‘Russian opposition simply lacks people’

Less than a week before Russians elect a new parliament, political analysts share their forecasts and opinions with RT.

As the elections loom closer, so is the end of electioneering. November 28 is the last day when the Russian media is allowed to publish poll results indicating voters’ preferences.

A poll carried out by the Interfax news agency says United Russia is likely to retain its parliamentary majority, but will lose its constitutional majority status.

The All-Russian Public Opinion Centre polls predicts United Russia is set to get between 55-58% of votes, the Communist Party of the Russian Federation 16-19%, the Liberal Democratic Party 11-14% and Fair Russia 6.5-9.5%.

Three more parties registered to take part in the elections – the Yabloko Party, Just Cause and the Patriots of Russia – polled less than the 5% minimum they would need to win seats.

Allies of the leading party say the optimistic forecast is the best possible option for both United Russia and the country.
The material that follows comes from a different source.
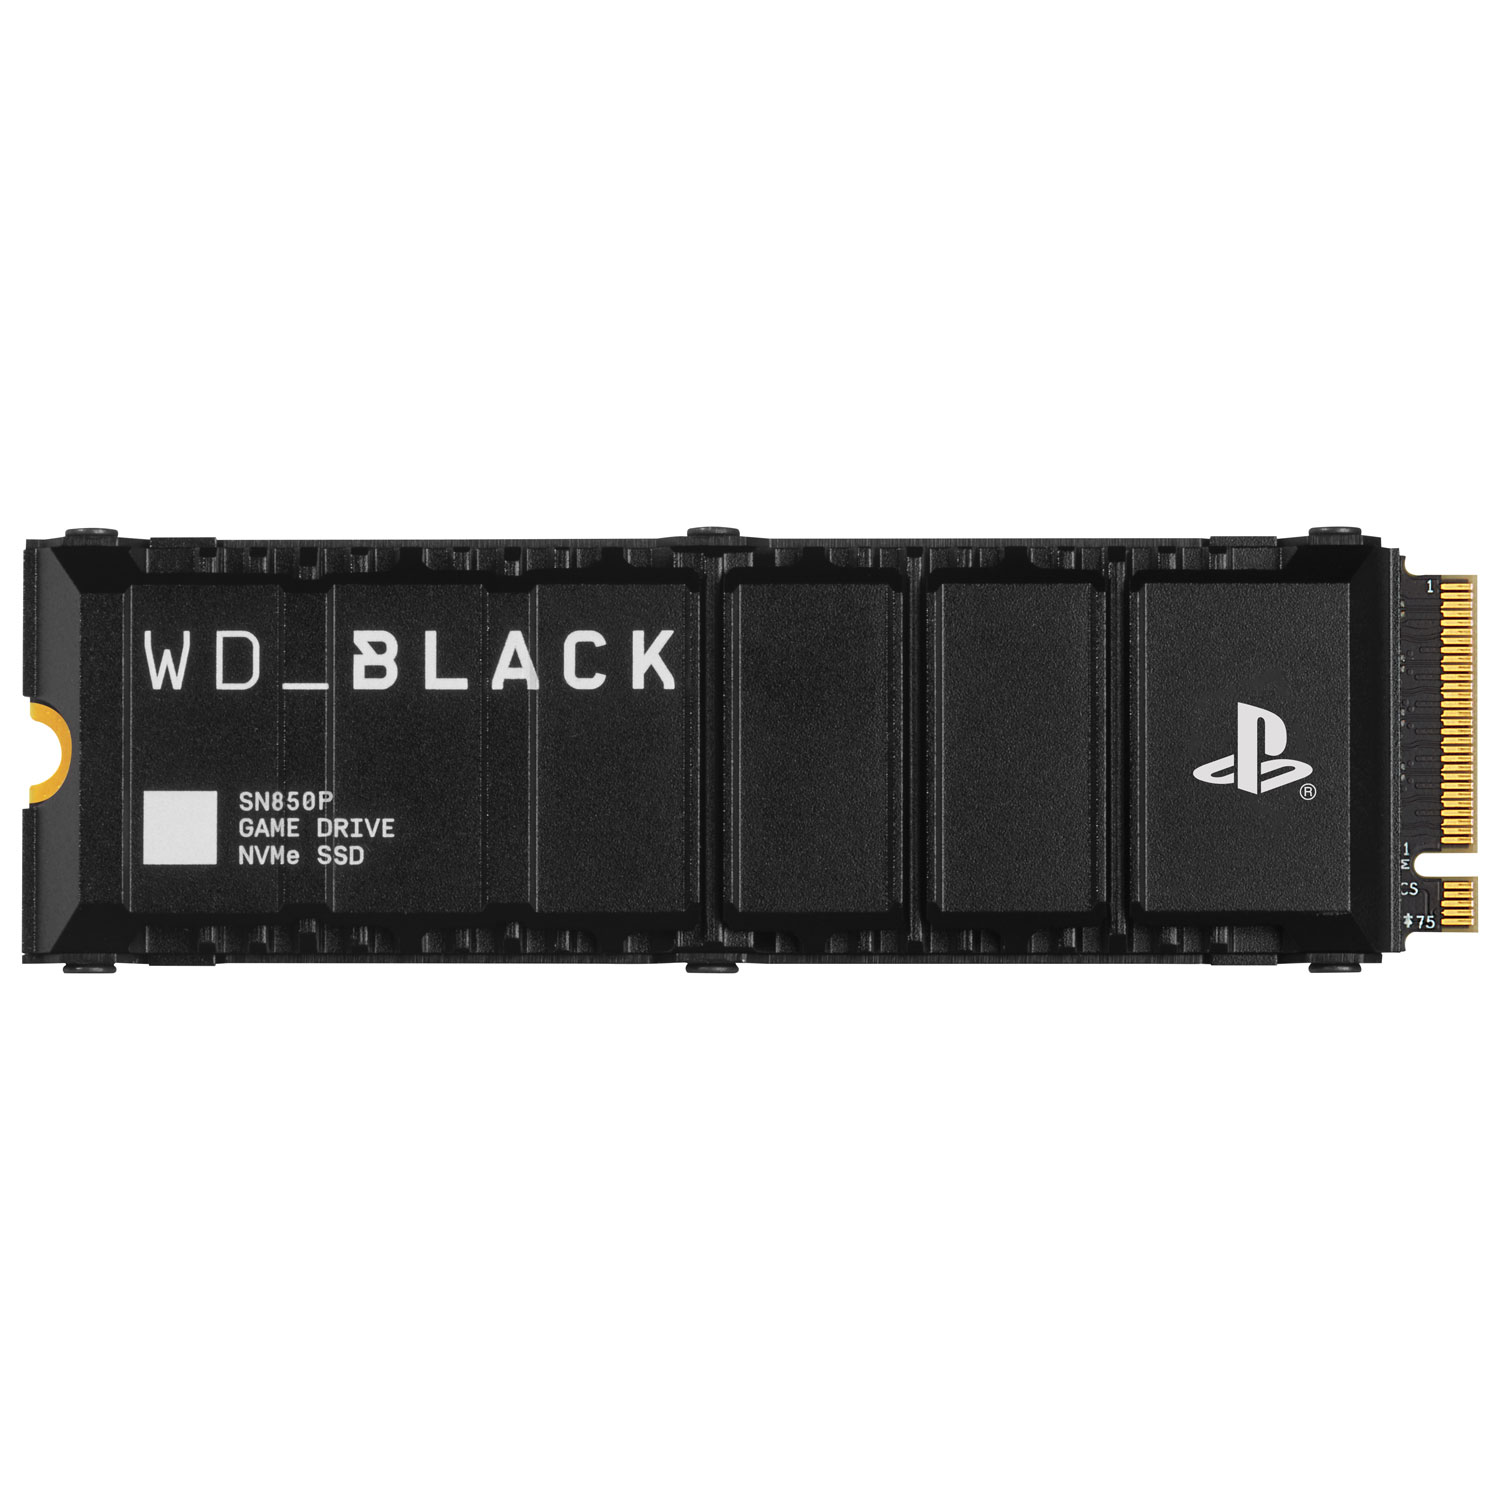 Disque SSD interne NVMe PCI-e WD_BLACK SN850P de 4 To avec dissipateur  thermique - Officiellement autorisé pour la PS5

“The main legacy of United Russia will be political stability and economic growth,” Sergey Markov, director of Institute for Political Research, told RT. “If they stay in power, social justice will be their priority. As a result, the party will have to change itself too.”

But journalist and political commentator Sergey Strokan told RT that United Russia is currently resting on its laurels.

“The party was set up 10 years ago, and it made a really impressive start…it capitalised on the vast popularity of Vladimir Putin. After that, they relaxed a bit. That’s the same problem as that of the Russian opposition: they prefer to criticise rather than do, thus avoiding responsibility.”

Political analysts agree that there is no real alternative to United Russia.

“The opposition is not actually capable of leading – they don’t have the leadership that could take over United Russia’s power,” Evgeny Kasevin, from the Kifir Finance Markets Players’ Club, told RT.

Dmitry Polikanov, a United Russia member, told RT that even if the opposition wins the election, it will simply lack the professionals to rule the country.

“We have analysed their human resources potential,” Polikanov said. “They will not have enough people to form a capable government ensuring that the entire system of power works.”